In 1940, Snodgrass reflected: “Hardly a day in my life, hardly an hour, that in some manner or other the dropping of that fly doesn’t come up, even after 30 years. On the street, in my store, at my home . . . it’s all the same. They might choke up before they ask me and they hesitate–but they always ask.”
Given the persistent image of Snodgrass choking away the series, it’s important to add what Harry Hooper said in The Glory of Their Times:
The famous Snodgrass muff. It could happen to anybody. I was up next and I tried to bunt, but I fouled it off. On the next pitch I hit a line drive into left center that looked like a sure triple. Ninety-nine times out of a hundred no outfielder could possibly have come close to that ball. But in some way, I don’t know how, Snodgrass ran like the wind, and dang if he didn’t catch it. I think he outran the ball. Robbed me of a sure triple.
I saw Snodgrass a couple of years ago at a function in Los Angeles, and I reminded him of that catch.
“Well, thank you,” he said, “nobody ever mentions that catch to me. All they talk about is the muff.”
I don’t know about anybody else. But I remember that catch all right. I’m the one guy who’ll never forget it. After that, Steve Yerkes got a base on balls, and that brought up Tris Speaker.
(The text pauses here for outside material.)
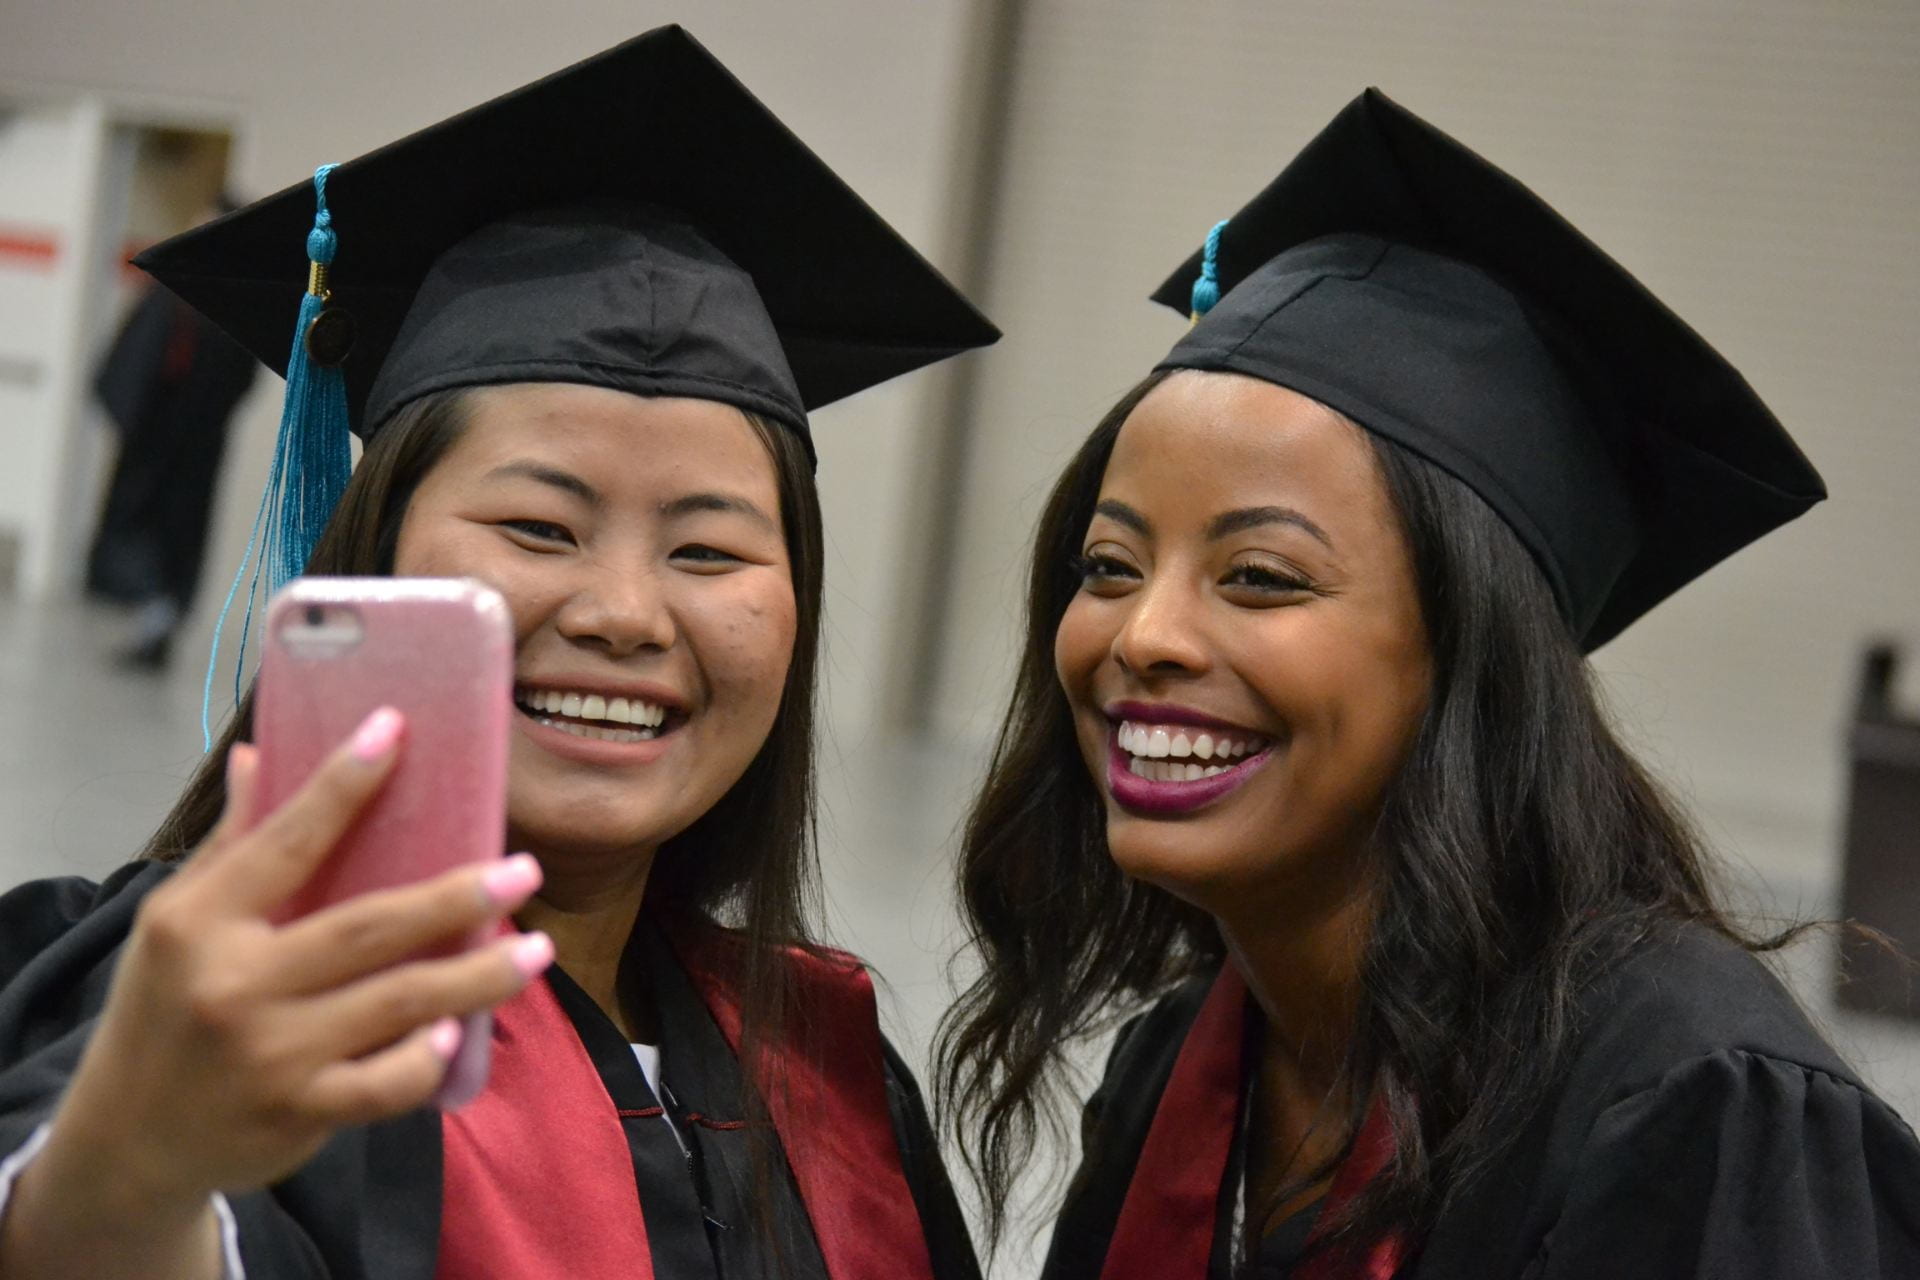 Two women in cap and gowns smile and take a picture at commencement.

We’re still behind, 2-1, and there’s one out. Well, Spoke hit a little pop foul over near first base, and old Chief Meyers took off after it. He didn’t have a chance, but Matty kept calling for him to take it.
If he’d called for Merkle, it would have been an easy out. Or Matty could have taken it himself. But he kept hollering for the Chief to take it, and poor Chief–he never was too fast to begin with–he lumbered down that line after it as fast as his big legs would carry him, stuck out his big catcher’s mitt–and just missed it.
Spoke went back to the batters box and yelled to Mathewson, “Well, you just called for the wrong man. It’s gonna cost you this ball game.”
And on the next pitch he hit a clean single that tied the game, and a couple of minutes later Larry Gardner drove in Yerkes with the run that won it.
There’s a further note about this World Series, and in it, evidence that gambling on baseball’s greatest stage was pervasive years before the Black Sox series of 1919. After the final game, the Globe wrote: “Boston will suffer in a baseball sense from the suspicion attached to the series. This suspicion is entirely unjustified, of course, as such a series could not be fixed, but a large proportion of the fans believe it was staged for theatric effects. That word was passed all over town today . . . Merkle’s failure to go after Speaker’s foul fly netted the Boston players and cost the New York players about $1,283 each.”
And one final item, on Snodgrass’s life away from the ball field: he was a prominent figure–rancher, banker, city councilman-in Oxnard, California for decades, even serving as its mayor from 1937 to 1938.